In this lecture we will see several solutions for it, of the increased implementation complexity, while reduced time demand.
8.1.1. Testing a search procedure
The procedure search
takes a string text
and a patern pattern
and returns a result of type int option
, where Some i
denotes the first index in the string text
, such that pattern
starts from it and is fully contained within text
. If no such index exist (i.e., pattern
is not in text
), search
returns None
.
Even before we implement the search procedure itself, we develop a test for it. The first test function checkes if a pattern pattern
is indeed in the string text
, as reported by the function search
:
let test_pattern_in search text pattern =
let index = get_exn @@ search text pattern in
let p' = String.sub text index (String.length pattern) in
assert (pattern = p')
let test_pattern_not_in search text pattern =
assert (search text pattern = None)
8.1.2. A very naive search
Our first attempt to implement the search is as follows:
let very_naive_search text pattern =
let n = String.length text in
let m = String.length pattern in
if n < m then None
else
let k = ref 0 in
let res = ref None in
while !k <= n - m && !res = None do
let candidate = String.sub text !k m in
if candidate = pattern
then res := Some !k
else k := !k + 1
done;
!res
Question: what is the worst-case complexity of this search in terms of sizes
n
and m
of text
and pattern
correspondingly?
If we try to evaluate this search on reasonably large strings, we will notice
that it behaves quite poorly already for strings of size 5000
and pattern
size 20
. This is because it exercises its worst-case theoretical complexity.

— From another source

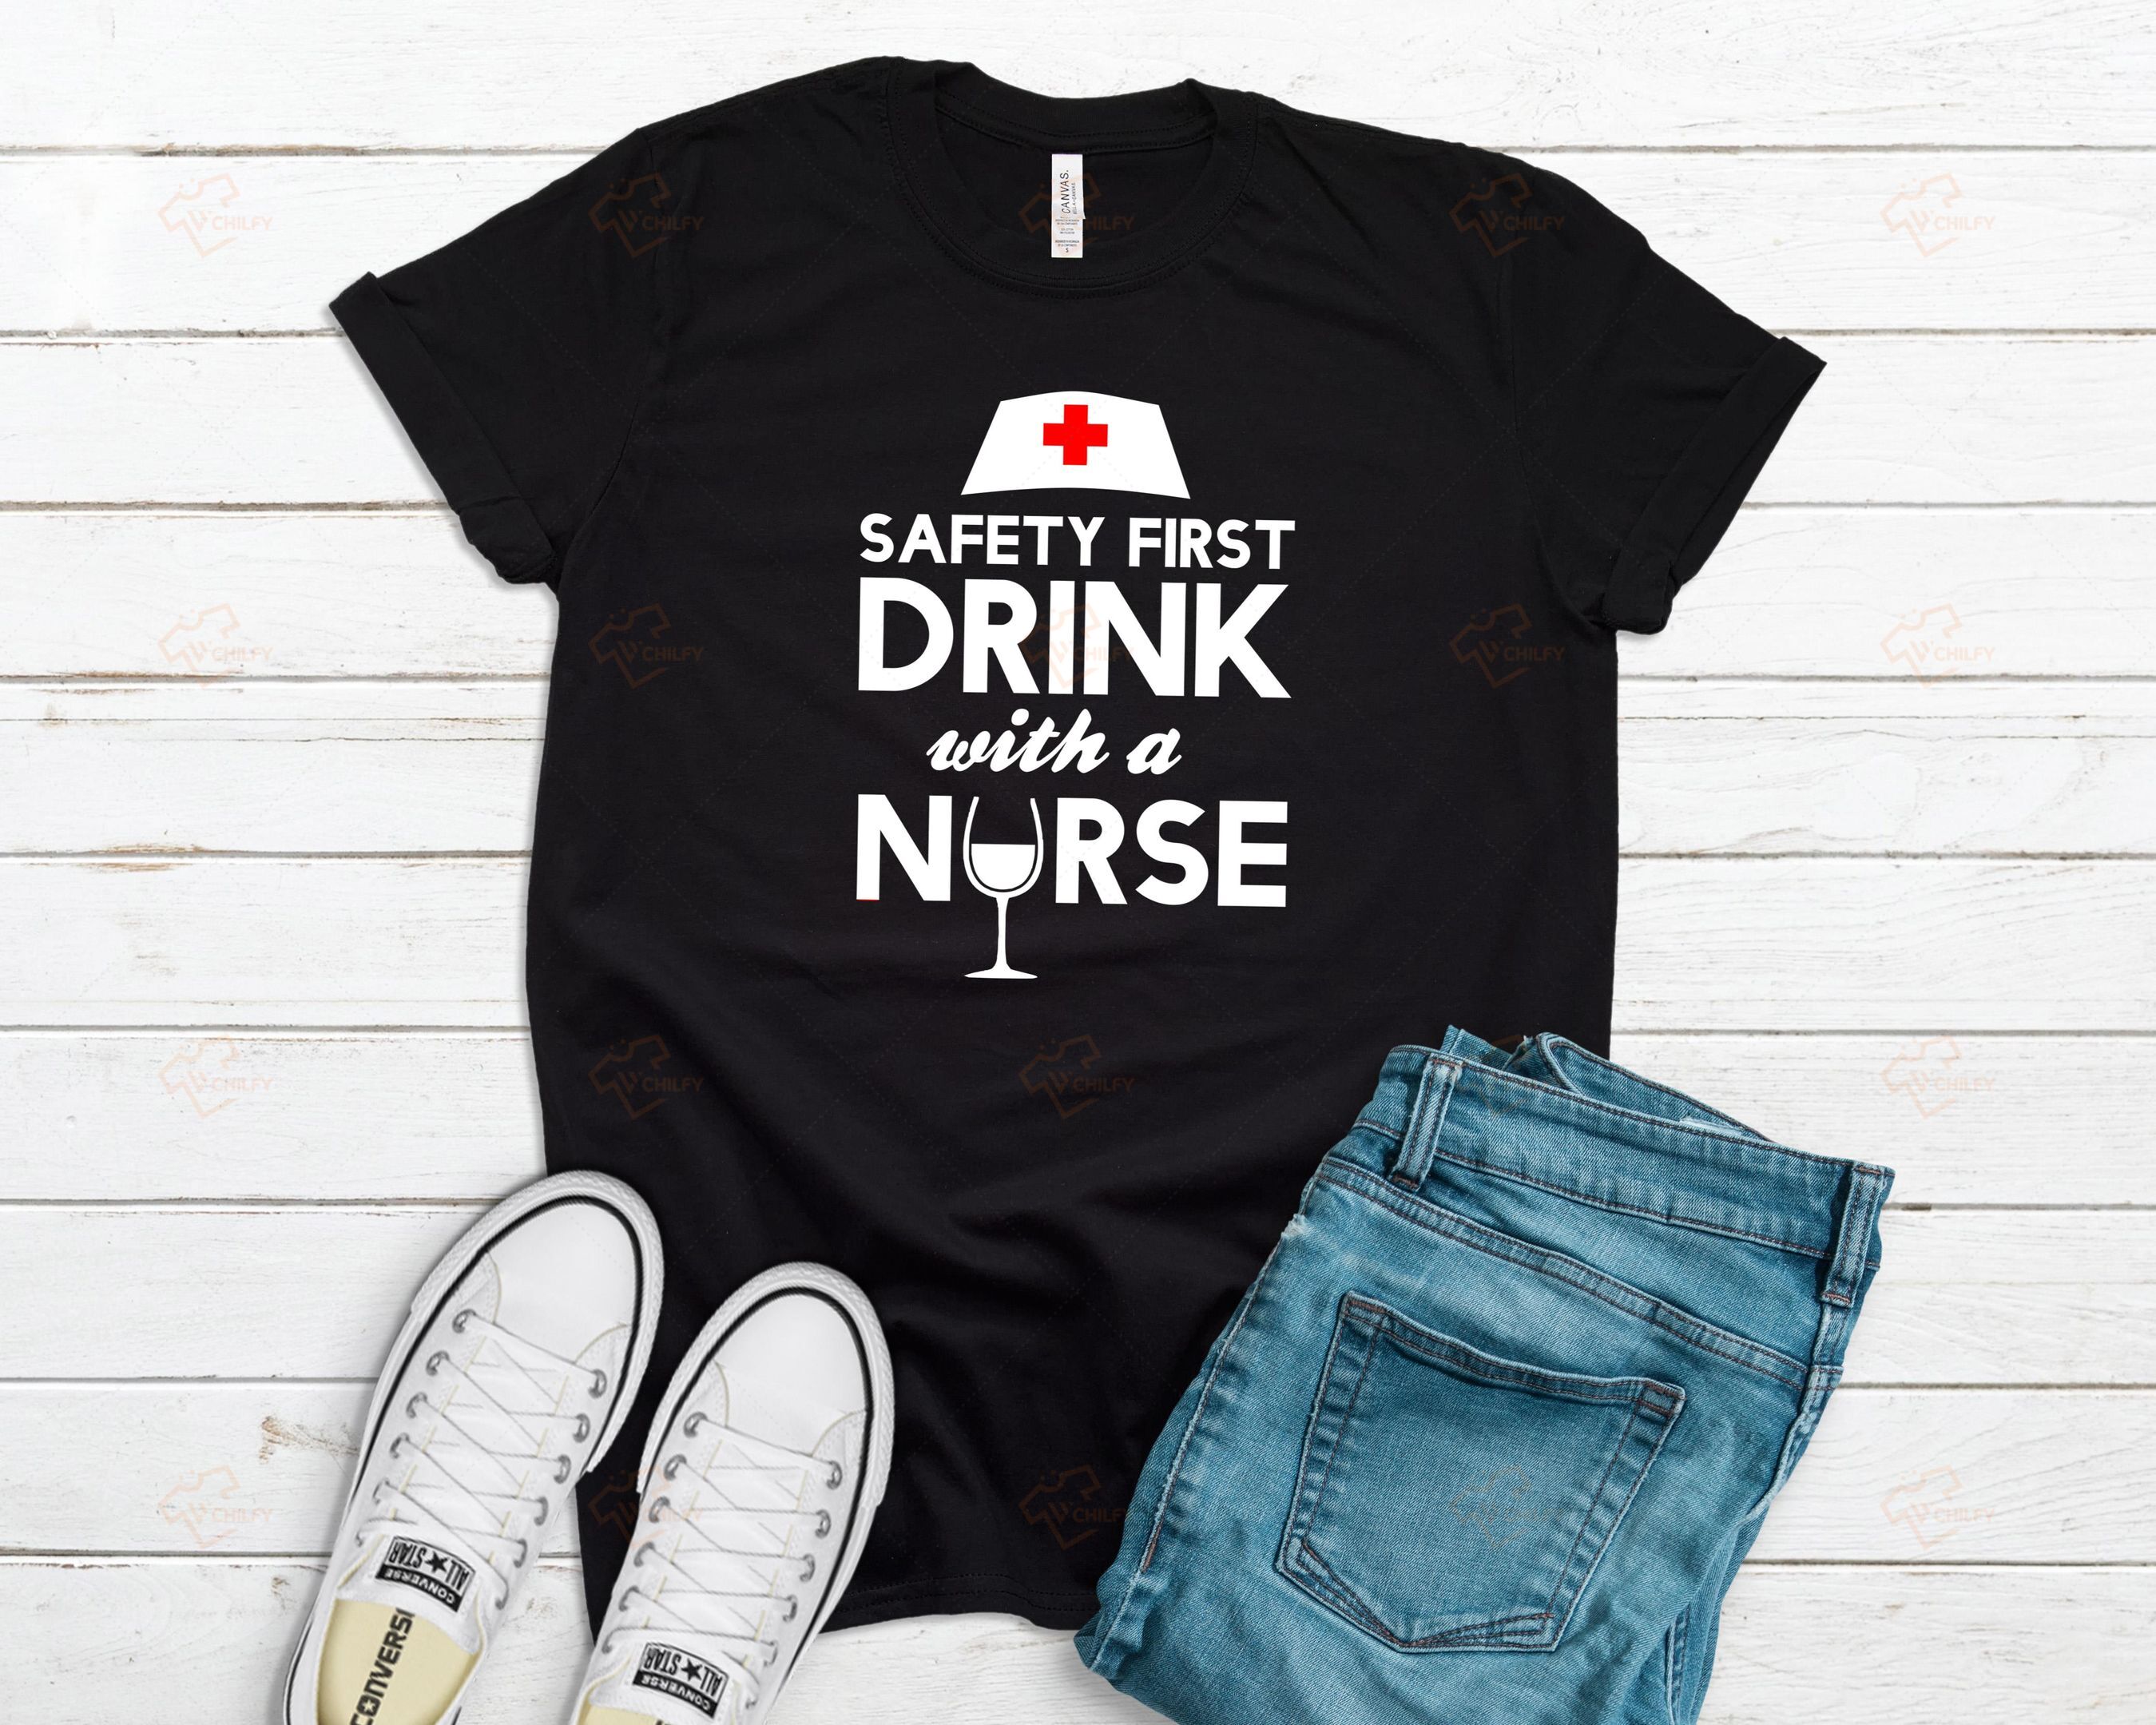 Safety First Drink With A Nurse T-shirt, Funny Nurse Shirt, Gift For Nurse, Nurse Gift, RN Shirt
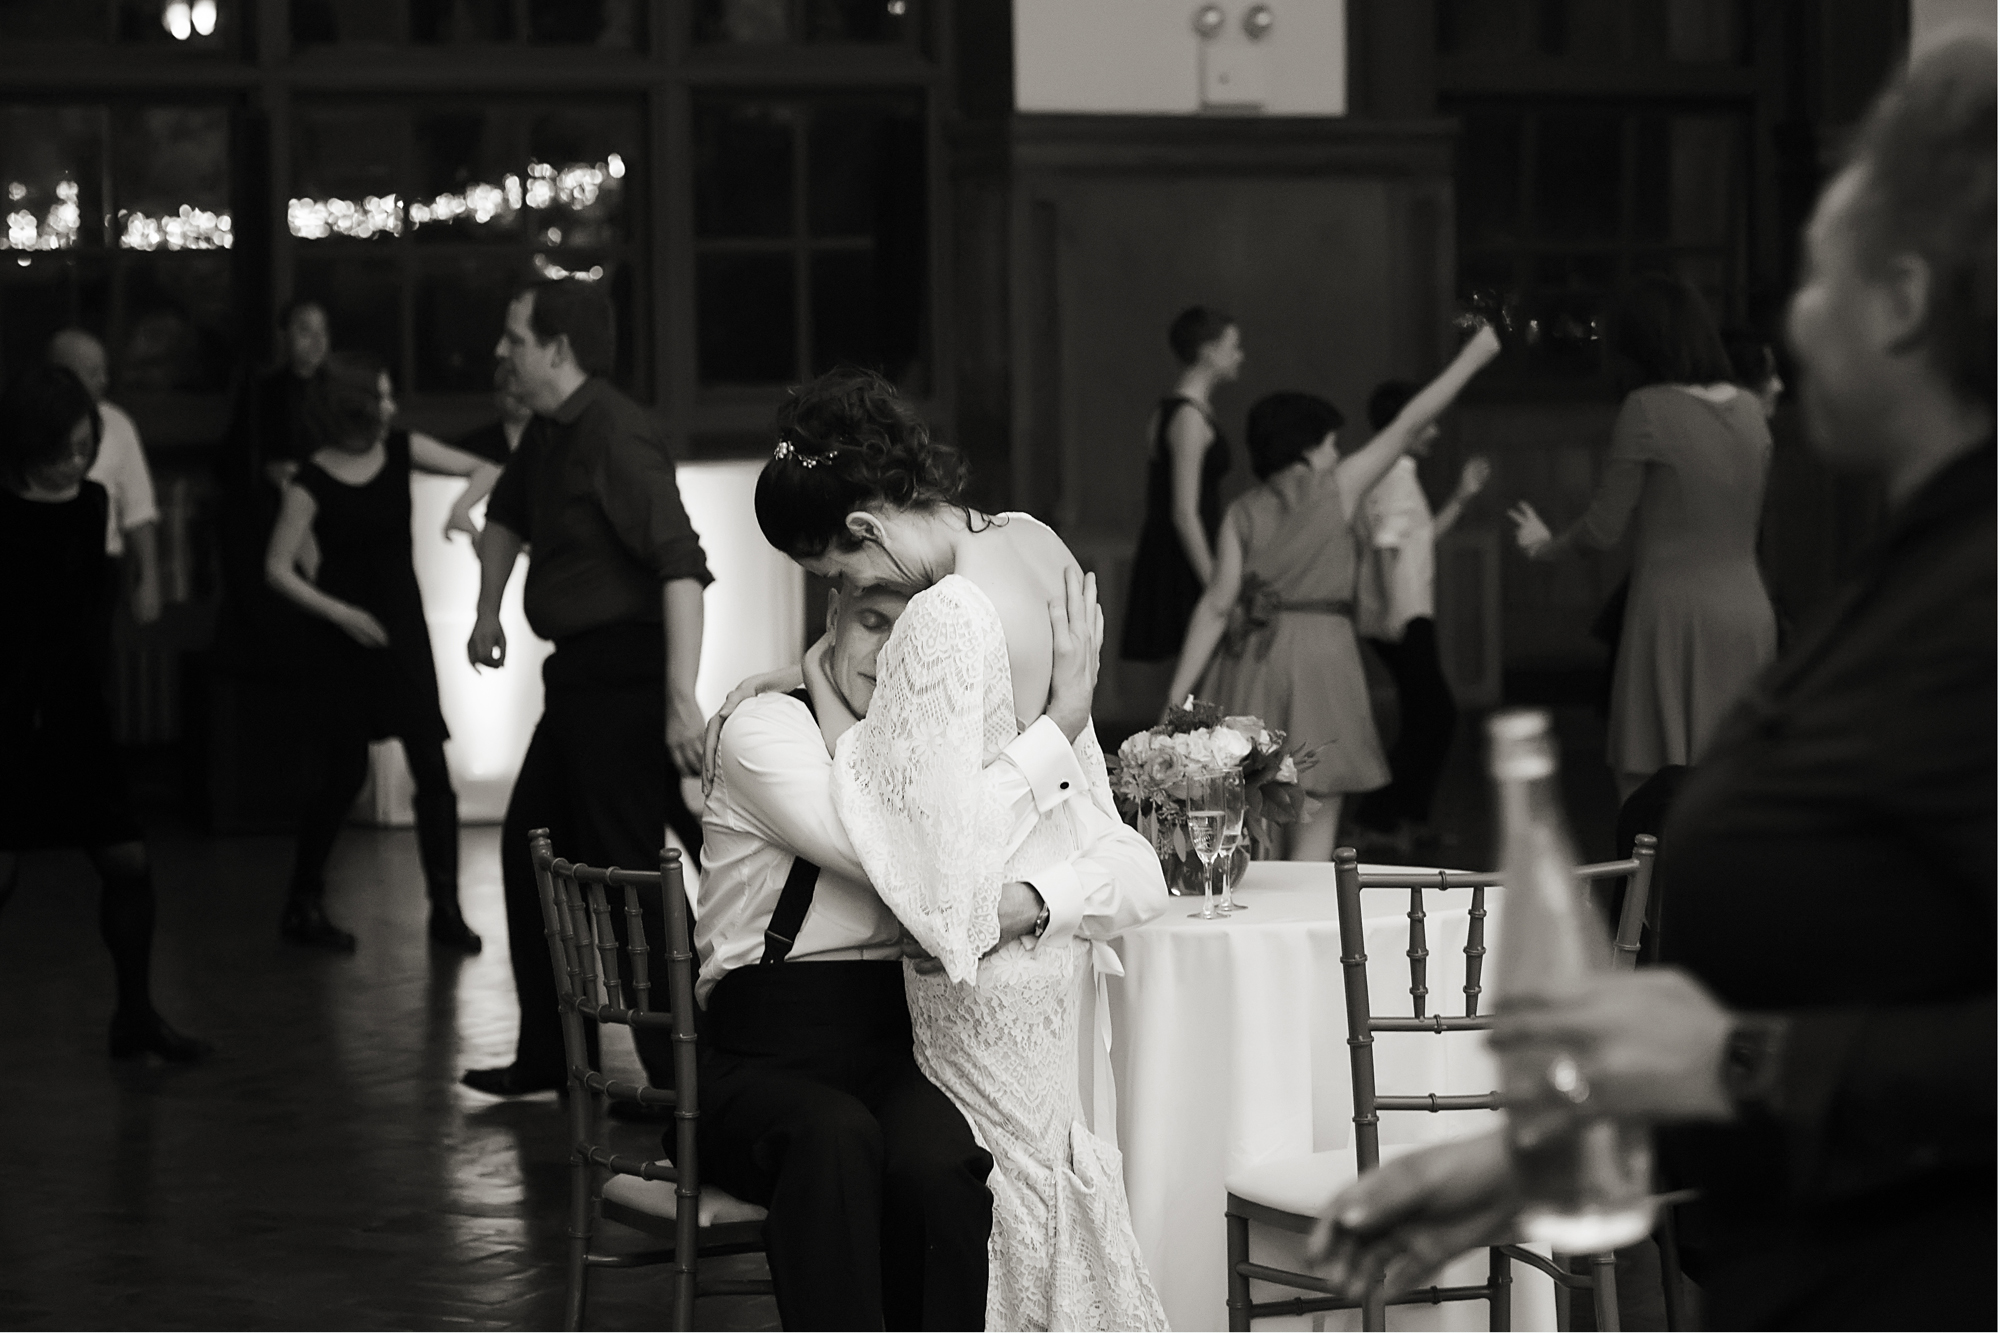 A wedding couple have quiet embrace during their wedding reception

How can we make it better?
8.1.3. A slightly better naive search
We can implement a slightly better naive search as follows. Notice that OCaml syntax s.[i]
allows one to refer to a character of a string s
at a position i
:
let naive_search text pattern =
let n = String.length text in
let m = String.length pattern in
if n < m then None
else
let k = ref 0 in
let res = ref None in
while !k <= n - m && !res = None do
let j = ref 0 in
while !j <= m - 1 &&
text.[!k + !j] = pattern.[!j]
do j := !j + 1 done;
if !j = m
then res := Some !k
else
k := !k + 1
done;
!res
It tries to identify the pattern starting from each position i
, checking the characters in the substring one by one. If it fails in the inner search, it simply tries the next position by incrementing i
.
Question: what is the worst-case complexity of this search in terms of sizes n
and m
of text
and pattern
correspondingly?
8.1.4. A recursive version of the naive search
The same implementation can be, obviously rewritten so it would be tail-recursive:
let naive_search_rec text pattern =
let n = String.length text in
let m = String.length pattern in
if n < m then None
else
let rec walk k =
if k > n - m then None
else (
let j = ref 0 in
while !j <= m - 1 &&
text.[k + !j] = pattern.[!j]
do j := !j + 1 done;
if !j = m
then Some k
else walk @@ k + 1)
in walk 0
8.1.5. Testing naive search
Let us construct a number of tests, starting from a simple one:
let big = "abcdefghijklmnopeqrstuvabcsrtdsdqewgdcvaegbdweffwdajbjrag"
let patterns = ["dsd"; "jrag"; "abc"]
let%test "Naive Search Works" =
List.iter (fun p -> test_pattern_in naive_search big p) patterns;
true
We can also check, on a random string, that our search returns no false positives and no false negatives.
How do we generate random strings for testing search?
This can be done using the function generate_words
, which we
generated before. We simply create a list of words and concatenate it
to produce the string text
. We can also create the list of words
that are (with a very high probability) not in the obtained string
text
:
let generate_string_and_patterns n m =
let ps_in = generate_words n m in
let ps_not_in =
List.filter (fun p -> not (List.mem p ps_in)) @@
generate_words n m in
let s = String.concat "" (List.rev ps_in) in
(s, ps_in, ps_not_in)
let%test "Naive Search True Positives" =
let (s, ps, _) = generate_string_and_patterns 500 5 in
List.iter (fun p -> test_pattern_in naive_search s p) ps;
true
let%test "Naive Search True Negatives" =
let (s, _, pn) = generate_string_and_patterns 500 5 in
List.iter (fun p -> test_pattern_not_in naive_search s p) pn;
true
Finally, we can provide a higher-order testing procedure for strings, so it would test on a specific string, and on randomly-generated strings (for both positive and negative results), as follows:
let search_tester search =
let (s, ps, pn) = generate_string_and_patterns 500 5 in
List.iter (fun p -> test_pattern_in search big p) patterns;
List.iter (fun p -> test_pattern_in search s p) ps;
List.iter (fun p -> test_pattern_not_in search s p) pn;
true
let%test _ = search_tester naive_search